Data modelling gives data a structure that results in hints to the systems performing computation, transformation, and movement on that data that result in tremendous performance benefits. It's because of this that I think data modelling is one of those concepts that resembles some age-old wisdom that every generation rejects in their teenage years, only to go back to the age-old wisdom after a few years of making sense of the world.
very cool
Joe - thank you for insight on these issues. As I told you a few months ago when we talked on Zoom - I find you are one of few people hitting these issues on the nose for our industry. I feel as though you put into words what is only half-thoughts for many people.

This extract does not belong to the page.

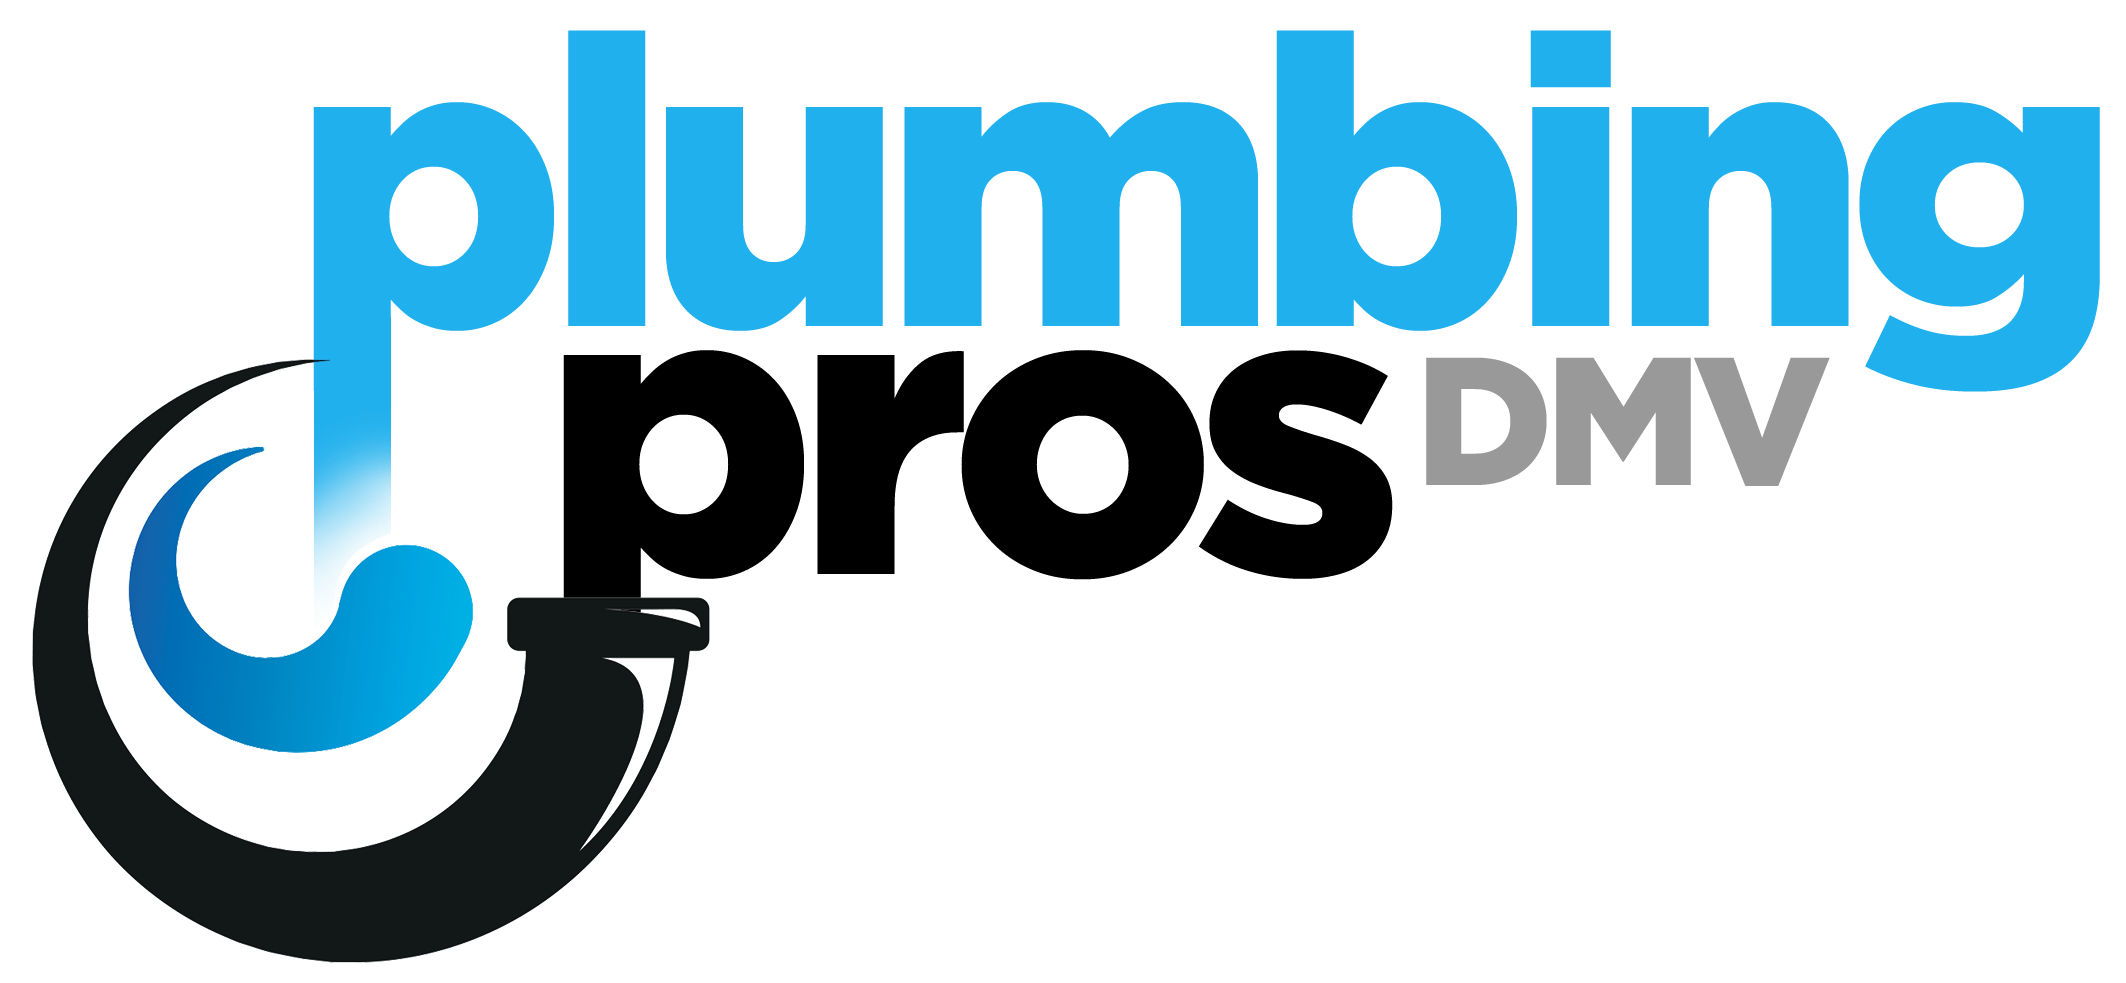 Local Plumber In Germantown, MD Offers Affordable & Fast Drain Cleaning Service
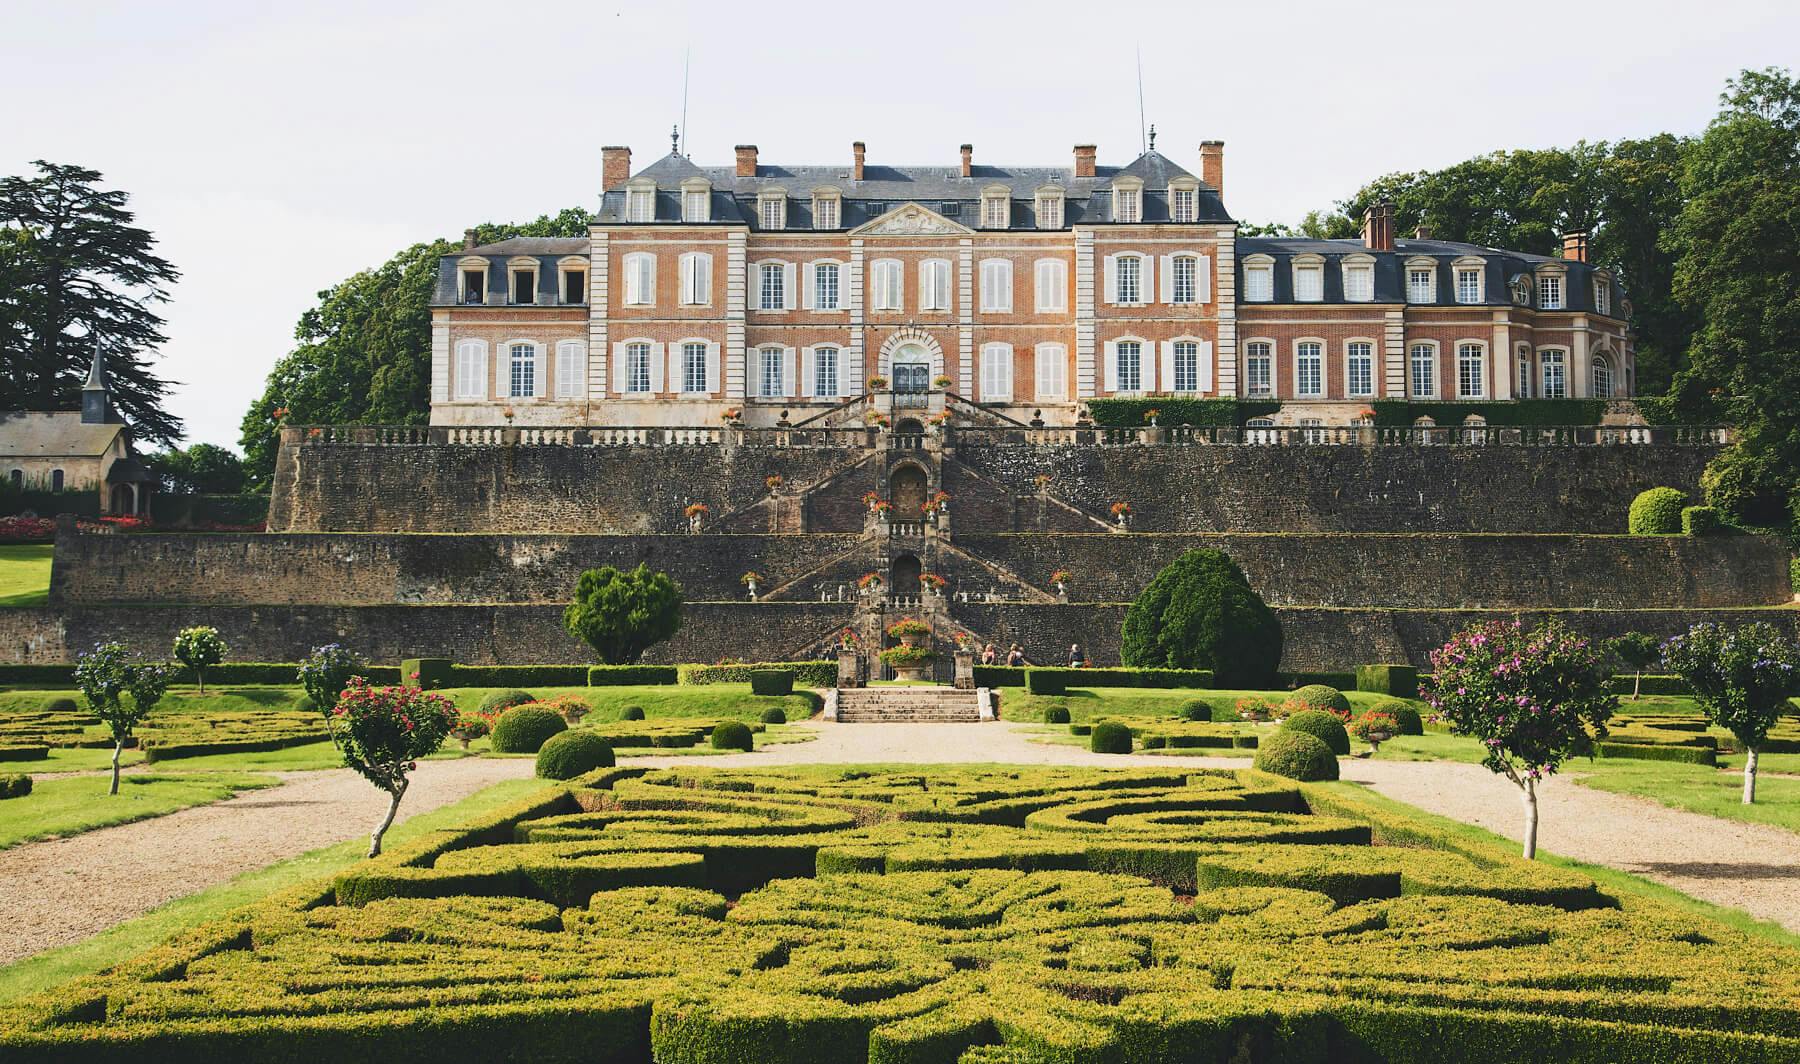 Stately chateau with garden and gates

Thanks Ricky. It’s a issue that is thankfully gaining momentum
I just get nervous with the classic business opposition to things like this: ROI. Although it seems obvious that at some level, practices like data modeling (and data management in general) will lead to positive business outcomes, it can be hard to articulate exactly why/when/how much.
I just listened to Attia's interview on Hubernan's show and loved it! One of the top episodes so far, alongside Huberman's interview with Andy Galpin
Oh nice!
Good to see you Danny. Let’s catch up soon
Sounds great! I'm in an area without phone reception for another week (you can read about it on my Substack 😉) but once I'm back in SF would love to catch up!
This writing is glorious and conclusions are accurate!
Thanks Paul! Much appreciated
“ Bring back and revamp the practice of conceptual and logical data modeling. Make these simple to do, iterative, and traverse the data lifecycle.”
Have you considered Domain Storytelling?
Not as a replacement but together with Domain Mapping I used this as an accelerator to Conceptual Modelling at a customer. The process was so intuitive that after I did one, the customer’s own data engineers did the rest!